Insurance has been in the business of putting things back in place for 100s of years. Now, the concept of “human indemnity” could take this one step further – and help people who struggle to feel ‘normal’ again after a traumatic event.
For MBL Global, providing this so-called “human indemnity” involves longer term counselling services and as close to immediate as possible on-the-ground mental health assistance for everyone within 500 metres of an incident, not just the staff of an insured.
Since 2009, it has counselled people through terrorist attacks, US active shooter situations, and a Congo kidnapping. It has also assisted people’s mental recoveries from floods, wildfires, and other natural catastrophes.
The business has built a network of clinical psychologists, social workers, and mental health professionals across the globe, who are able to respond to an event taking place.
“From a clinical perspective, what we’re trying to do, as much as anything else, is reduce the onset of PTSD, for example, which is a much more complex and longer-term psychological issue to deal with,” MBL managing partner Graeme McKenzie (pictured) said.
An estimated 3.6% of the global population had suffered PTSD in the year prior to 2013, a World Health Organization report found. Common potential causes of the mental health illness included witnessing or experiencing violence, accidents, exposure to war, and trauma to a loved one.
“The quicker we can get to the events and to people after the event has taken place, the greater the chance that we’re going to have at being able to rehabilitate those people,” McKenzie explained.
The insurers MBL works with are supporting people through crises, according to McKenzie, and there is another element that could tempt them: he cited the potential to save on business interruption claims and – in the US – to cut down on post-event class actions.

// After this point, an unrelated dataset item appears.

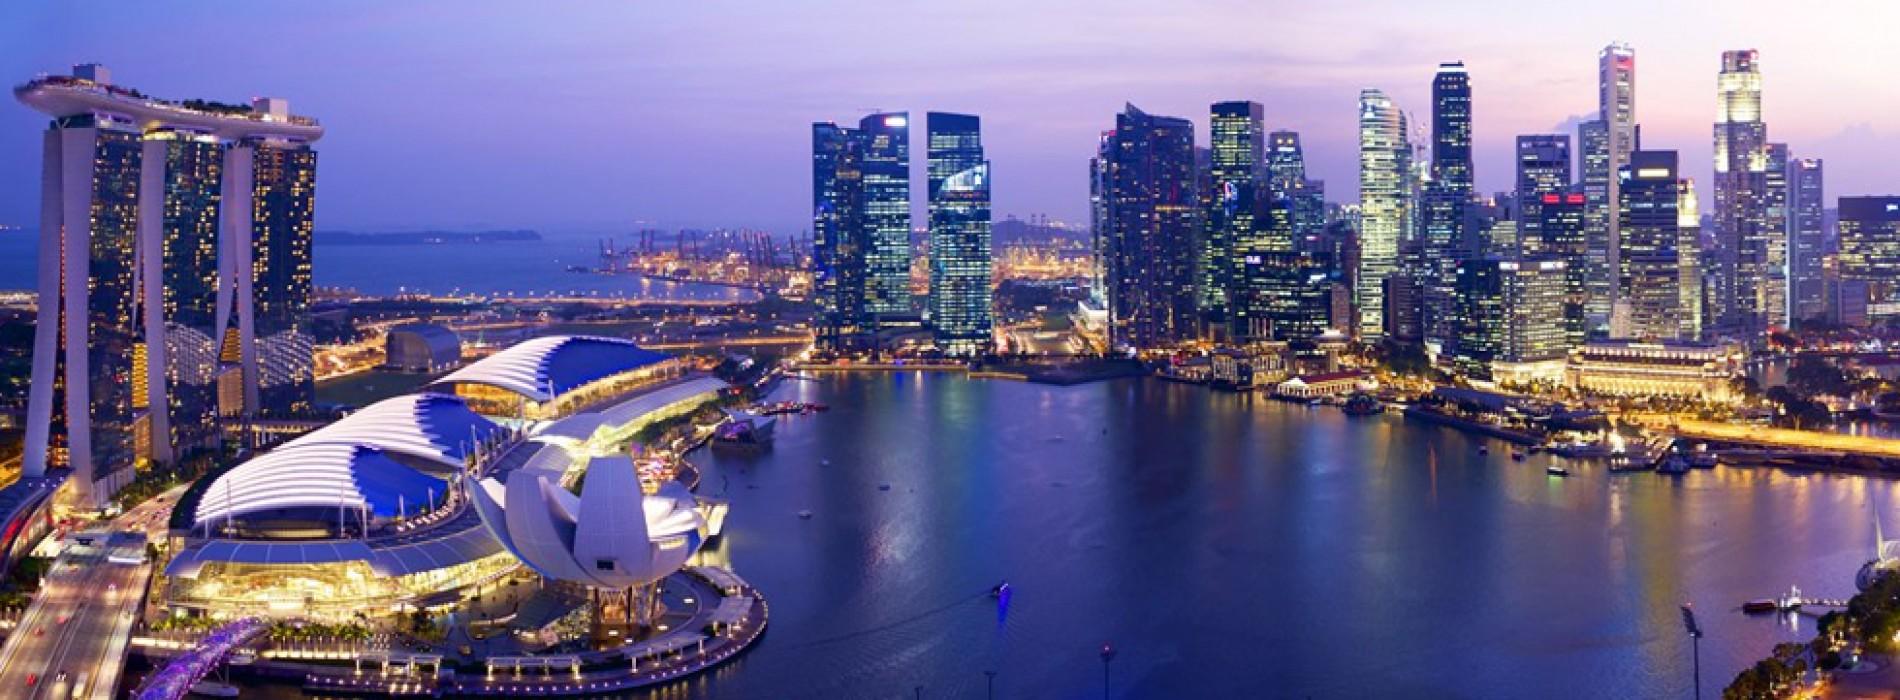 JW Marriott brand debuts in Singapore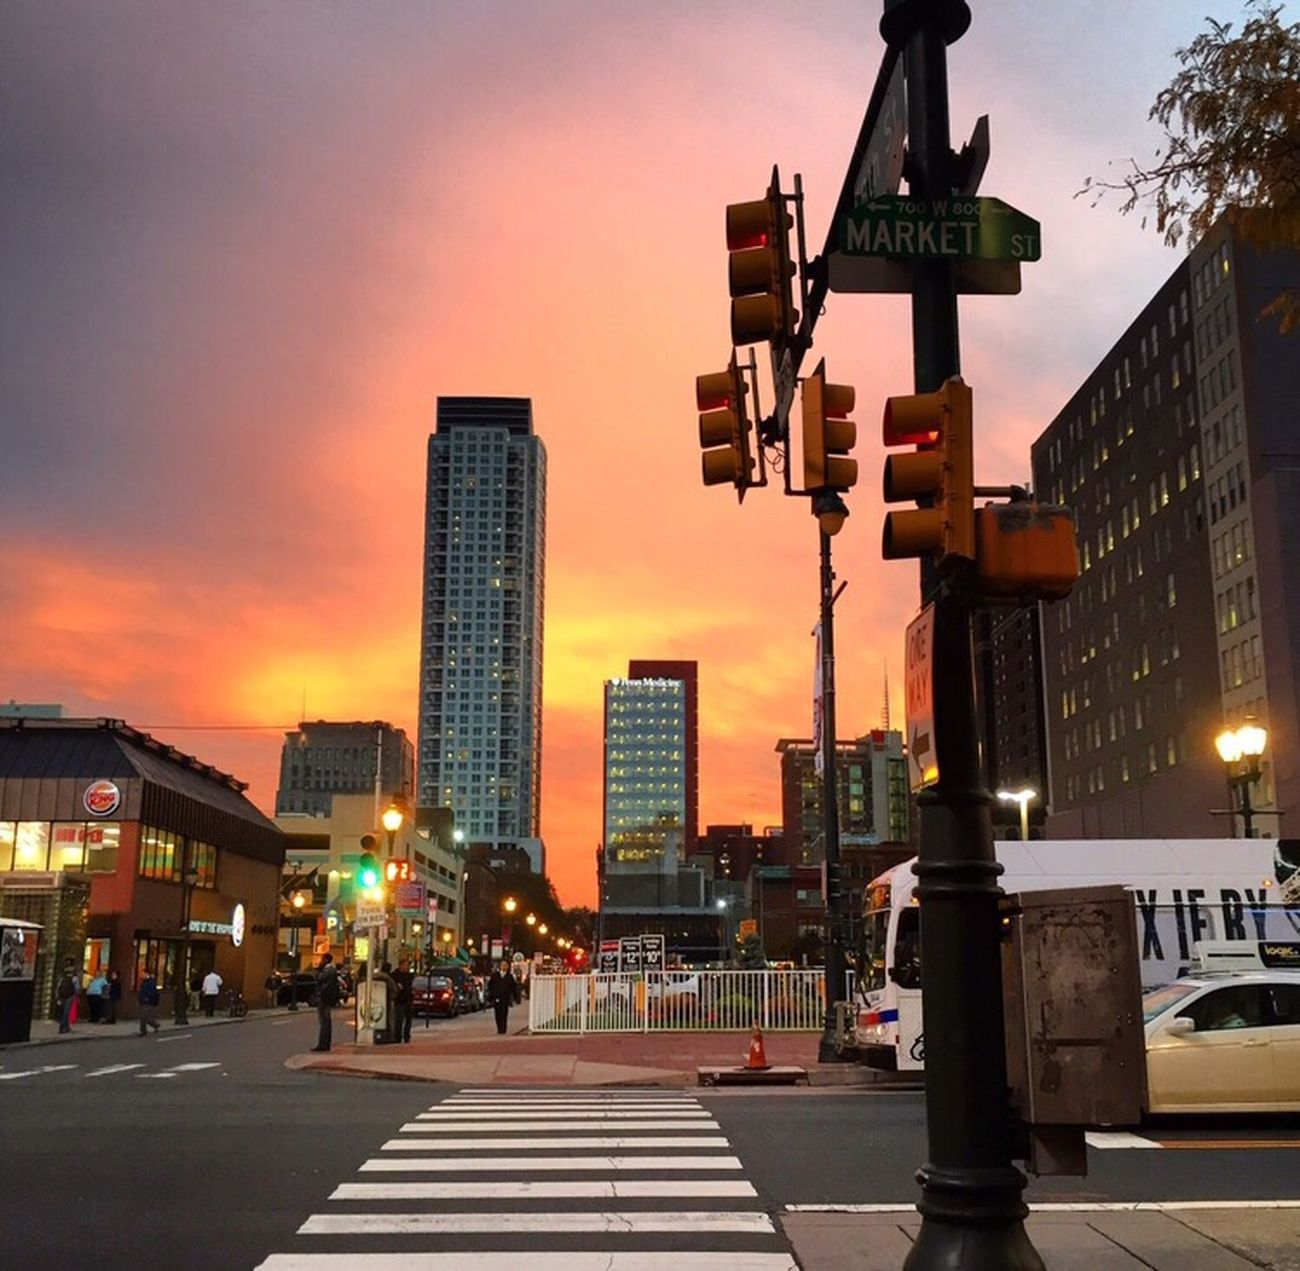 2015 Center City Philadelphia Centercity Marketstreet City Cityscapes Sunset Skyscraper

The “human cost” of an event has hitherto been poorly understood, something that MBL is looking to redress, according to McKenzie.
“[This could include] how many people were affected, what their ethnicity may have been, what their age may have been, their gender, and so on and so forth,” he said.
“Because that understanding, even today, almost anywhere in the world, almost post any event is missing.”
MBL has its roots in South Africa, originally working with the country’s largest corporate property underwriter, and started out within the terror and political violence space.
Today, the business has a network of clinicians in 190 countries and coordinates its activity through 15 global incident centres.
MBL’s service aims to deploy a rapid response team within three hours of an incident, as well as setting up a telephone helpline. It continues to counsel affected individuals after the event, with needs differing from person to person.
On Easter Sunday, April 21, 2019, three Sri Lankan luxury hotels and three churches were targeted in a series of terrorist attacks, leading to the deaths of nearly 270 people.
MBL received a call at its call centre in India from a customer of an insured in Sri Lanka on the day the attacks unfolded.
The business quickly got boots on the ground near the blast centres in Colombo and counselled around 2000 people after the event.
“We set up a near site location where we were able to counsel people in the one-to-one group, virtually if need be, post the event, and [through] telephonic counselling after the event,” McKenzie said.
“We set up a helpline that ran for a period of about eight weeks after the event took place for people to come on board.
“What we’re able to do in doing that is, from an insurer perspective, we’re able to give the insured customer the comfort that their insurer is on the ground and dealing with the issue within the first hour or two after the event took place.”
After the Sri Lanka attacks, some victims and witnesses just wanted the chance to vent, while others were “severely traumatized” and still using the service 15 to 16 months on, according to McKenzie.
MBL has played another valuable role following active shooter situations, McKenzie said. He was unable to quantify specifics, speaking from a “societal perspective”, but did suggest that accounting for ‘human indemnity’ can help mitigate the risk of revenge attacks.
“There’s a percentage of those that we counsel, as much as we’re rehabilitating them psychologically to be able to deal with the traumatic effect that has occurred and that they may have witnessed, we’re also rehabilitating and trying to mitigate and reduce the concept that many have in their heads around revenge,” McKenzie said.
He gave the example of the Buffalo shooting in the US in “contrast” to how a post-active shooting should be managed.
On May 14, 10 people were killed and three injured in an allegedly racially motivated attack at a Tops store in Buffalo.
“The response by from the local authorities was to tweet the contact details of seven local counsellors that may be able to assist those that were affected by the event,” McKenzie said.
“That doesn’t take into consideration whether the people that are affected could afford it, whether those people that were doing the counselling had the requisite skills.”
He pointed out that somebody may have been killed in the shooting whose relatives were based outside of Buffalo.
“[Unlike in this case] we’re able to counsel those people, the extended family of these people as well, around managing the event, because one of the factors that is quite prevalent in allowing people to recover from these events is the knowledge that those around them are not adversely affected by it,” McKenzie explained.